> **Task instructions**: Count the lines below that include the word "Online", then give that number and no other words.
____________________
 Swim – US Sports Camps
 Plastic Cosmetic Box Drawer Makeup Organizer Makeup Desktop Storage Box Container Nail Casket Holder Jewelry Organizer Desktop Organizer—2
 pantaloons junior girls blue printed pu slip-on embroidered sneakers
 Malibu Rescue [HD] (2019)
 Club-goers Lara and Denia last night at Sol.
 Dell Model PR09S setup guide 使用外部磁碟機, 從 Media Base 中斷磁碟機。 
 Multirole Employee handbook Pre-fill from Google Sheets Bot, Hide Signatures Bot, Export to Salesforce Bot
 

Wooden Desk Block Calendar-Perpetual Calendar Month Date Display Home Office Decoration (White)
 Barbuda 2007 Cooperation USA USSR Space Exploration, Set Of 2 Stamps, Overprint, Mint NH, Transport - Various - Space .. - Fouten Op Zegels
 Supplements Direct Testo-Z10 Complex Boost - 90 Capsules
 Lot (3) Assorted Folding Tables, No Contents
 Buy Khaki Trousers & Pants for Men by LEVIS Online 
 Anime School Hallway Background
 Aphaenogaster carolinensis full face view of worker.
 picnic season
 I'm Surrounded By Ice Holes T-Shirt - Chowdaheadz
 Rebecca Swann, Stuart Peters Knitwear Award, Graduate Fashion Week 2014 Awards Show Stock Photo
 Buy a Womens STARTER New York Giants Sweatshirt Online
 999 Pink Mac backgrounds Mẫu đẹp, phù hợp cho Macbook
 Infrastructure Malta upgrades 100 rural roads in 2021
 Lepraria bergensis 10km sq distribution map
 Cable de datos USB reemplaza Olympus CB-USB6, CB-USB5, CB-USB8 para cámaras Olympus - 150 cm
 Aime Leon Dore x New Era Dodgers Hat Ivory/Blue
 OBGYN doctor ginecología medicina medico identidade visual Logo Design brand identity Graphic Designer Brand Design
____________________
> **Written answer**: 2